The enterprise bean must not attempt
to manage thread groups.
The reason is that EJBs are meant to operate in a distributed environment. An EJB might be moved from one machine in a cluster to another. Threads (and sockets and other restricted facilities) are a significant barrier to this portability.
The reason that you shouldn't spawn your own threads is that these won't be managed by the container. The container takes care of a lot of things that a novice developer can find hard to imagine. For example things like thread pooling, clustering, crash recoveries are performed by the container. When you start a thread you may lose some of those. Also the container lets you restart your application without affecting the JVM it runs on. How this would be possible if there are threads out of the container's control?
This the reason that from J2EE 1.4 timer services were introduced. See this article for details.
Concurrency Utilities for Java EE
There is now a standard, and correct way to create threads with the core Java EE API:
JSR 236: Concurrency Utilities for Java™ EE
By using Concurrency Utils, you ensure that your new thread is created, and managed by the container, guaranteeing that all EE services are available.
Examples here
There is no real reason not to do so. I used Quarz with Spring in a webapp without problems. Also the concurrency framework java.util.concurrent may be used.
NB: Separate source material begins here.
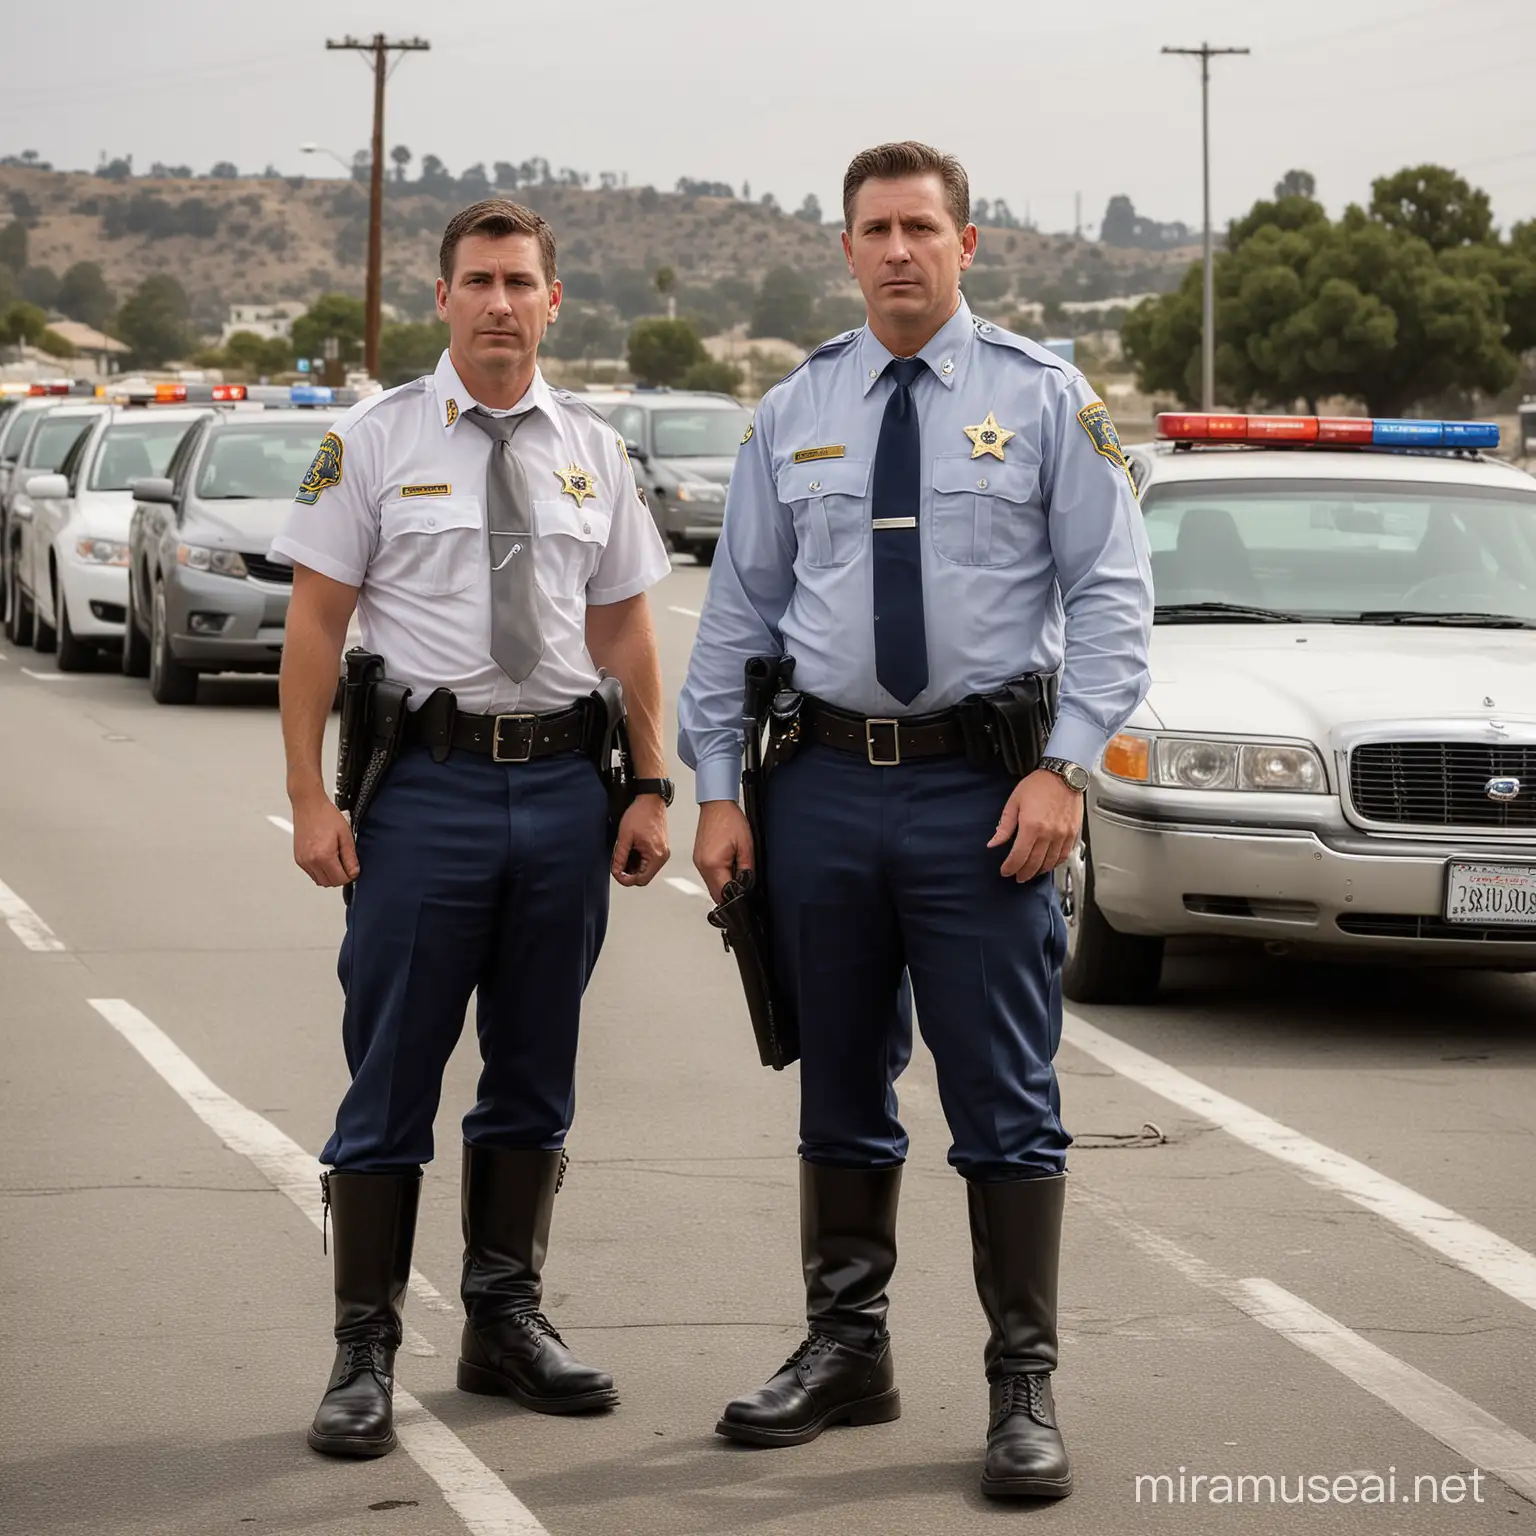 California Highway Patrol Officers Conducting Arrest on Busy Highway

If you implement your own thread handling, set the theads to deamon or use a own deamon thread group for them so the container may unload your webapp any time.
But be careful, the bean scopes session and request do not work in threads spawned! Also other code beased on ThreadLocal does not work out of the box, you need to transfer the values to the spawned threads by yourself.
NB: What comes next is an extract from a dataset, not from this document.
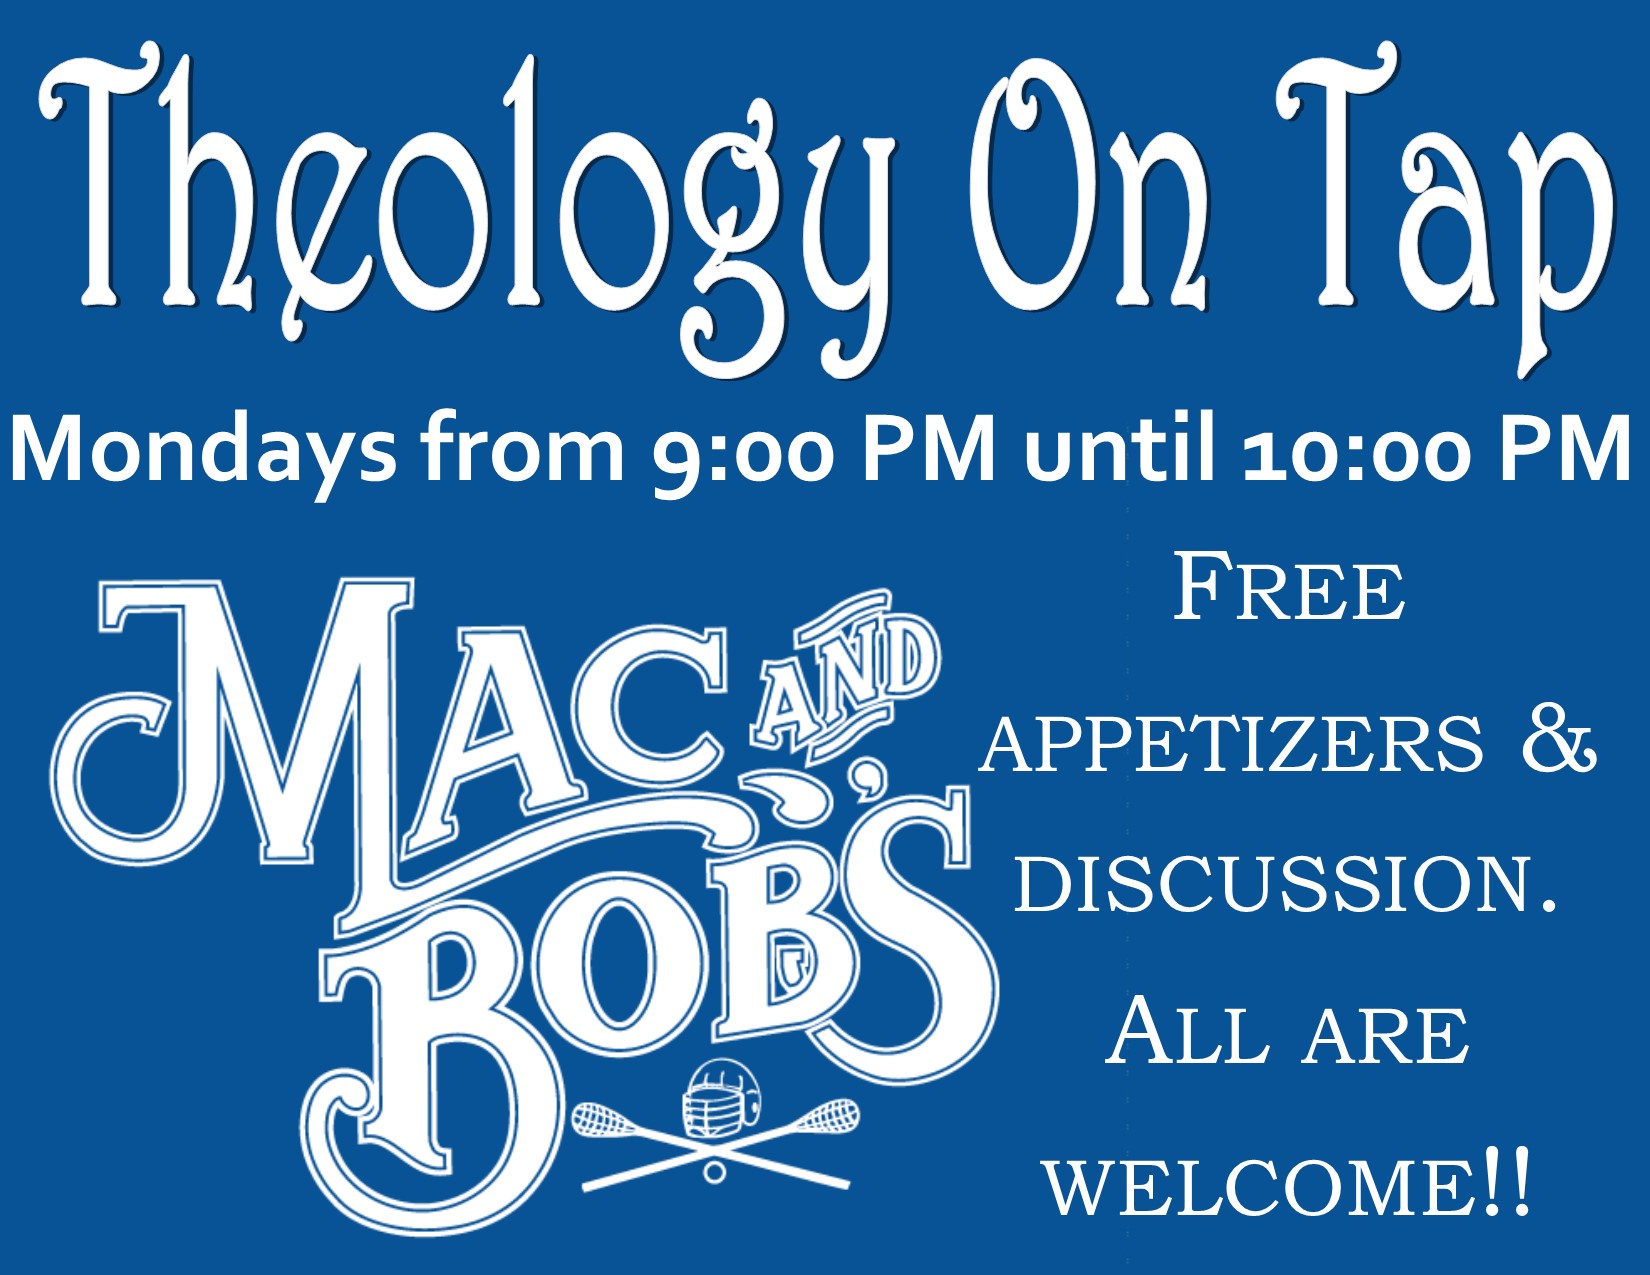 A blue image with the mac and bob's logo. Text reads "Theology on Tap, Mondays from 9:00 PM until 10:00 PM, Free appetizers & discussion, all are welcome!!"

You can always tell the container to start stuff as part of your deployment descriptors. These can then do whatever maintainance tasks you need to do.
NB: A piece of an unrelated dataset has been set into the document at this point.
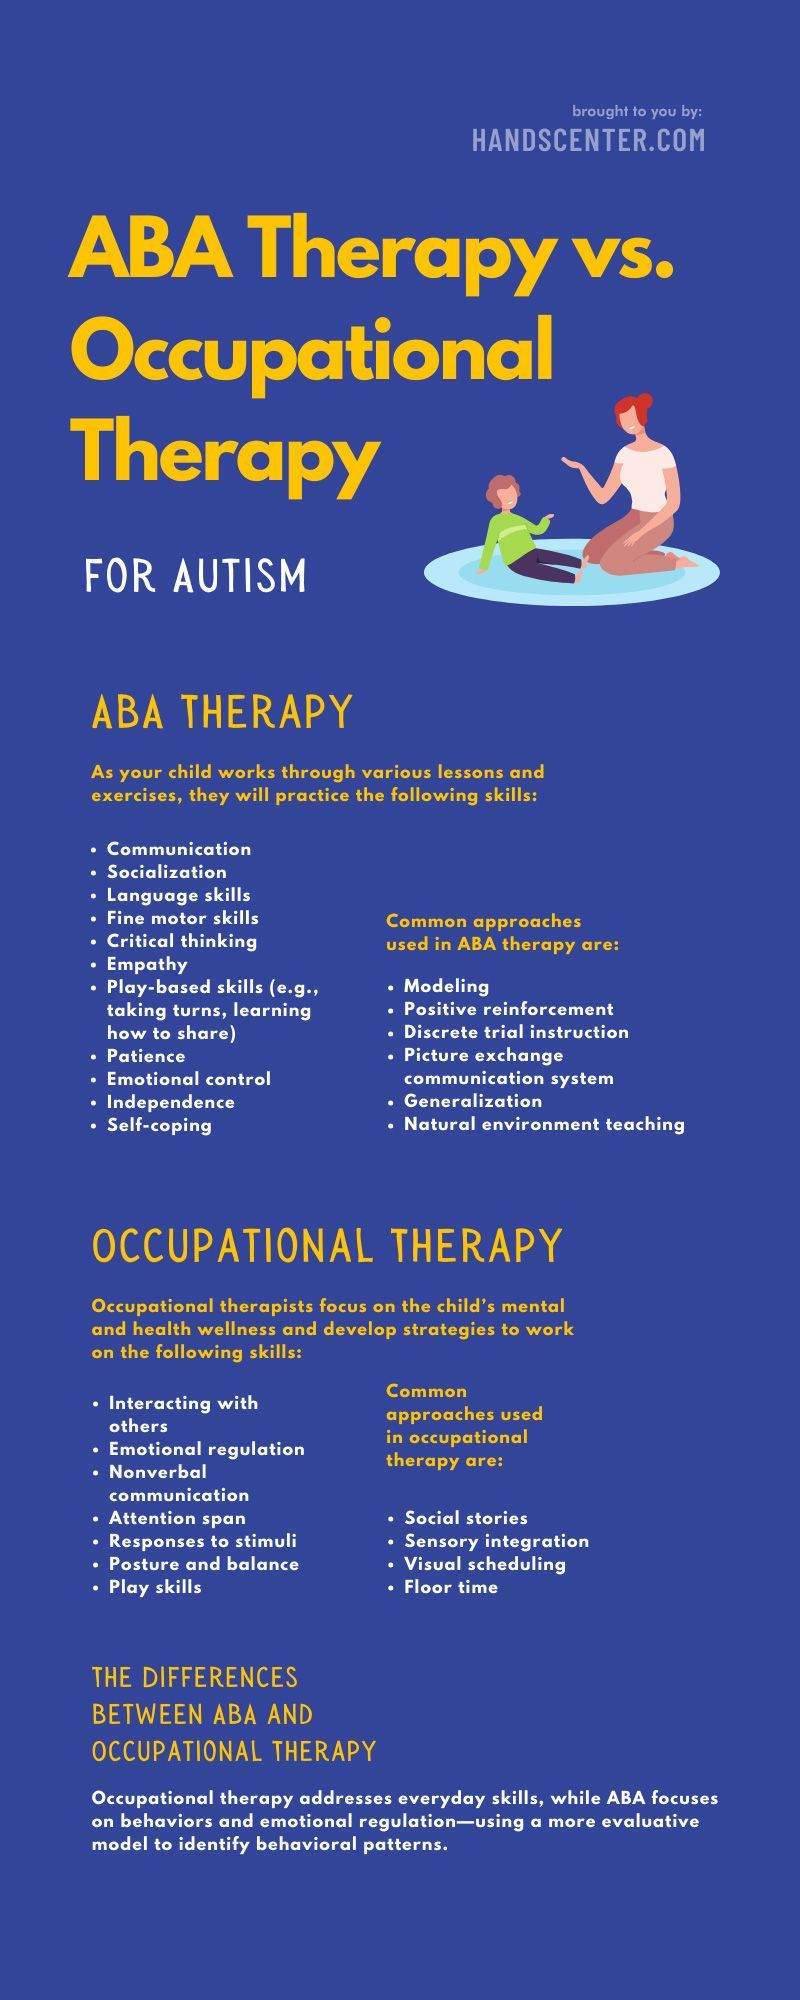 ABA Therapy vs. Occupational Therapy for Autism

Follow the rules. You will be glad some day you did :)
Threads are prohibited in Java EE containers according to the blueprints. Please refer to the blueprints for more information.
I've never read that it's discouraged, except from the fact that it's not easy to do correctly.
It is fairly low-level programming, and like other low-level techniques you ought to have a good reason. Most concurrency problems can be resolved far more effectively using built-in constructs like thread pools.
One reason I have found if you spawn some threads in you EJB and then you try to have the container unload or update your EJB you are going to run into problems. There is almost always another way to do something where you don't need a Thread so just say NO.
Related
I am working on a platfor that hosts small Java applications, all of which currently uses a single thread, living inside a Docker engine, consuming data from a Kafka server and logging to a central DB.
Now, I need to put another Java application to this platform. This app at hand uses multithreading relatively heavily, I already tested it inside a Docker container and it works perfectly there, so I'm ready to deploy it on the platform where it would be scaled manually, that is, some human would define the number of containers that would be started, each of them containing an instance of this app.
My Architect has an objection, saying that "In a distributed environment we never use multithreading". So now, I have to refactor my application eliminating any thread related logic from it, making it single threaded. I requested a more detailed reasoning from him, but he yells "If you are not aware of this principle, you have no place near Java".
Is it really a mistake to use a multithreaded Java application in a distributed system - a simple cluster with ten or twenty physical machines, each hosting a number of virtual machines, which then runs Docker containers, with Java applications inside them.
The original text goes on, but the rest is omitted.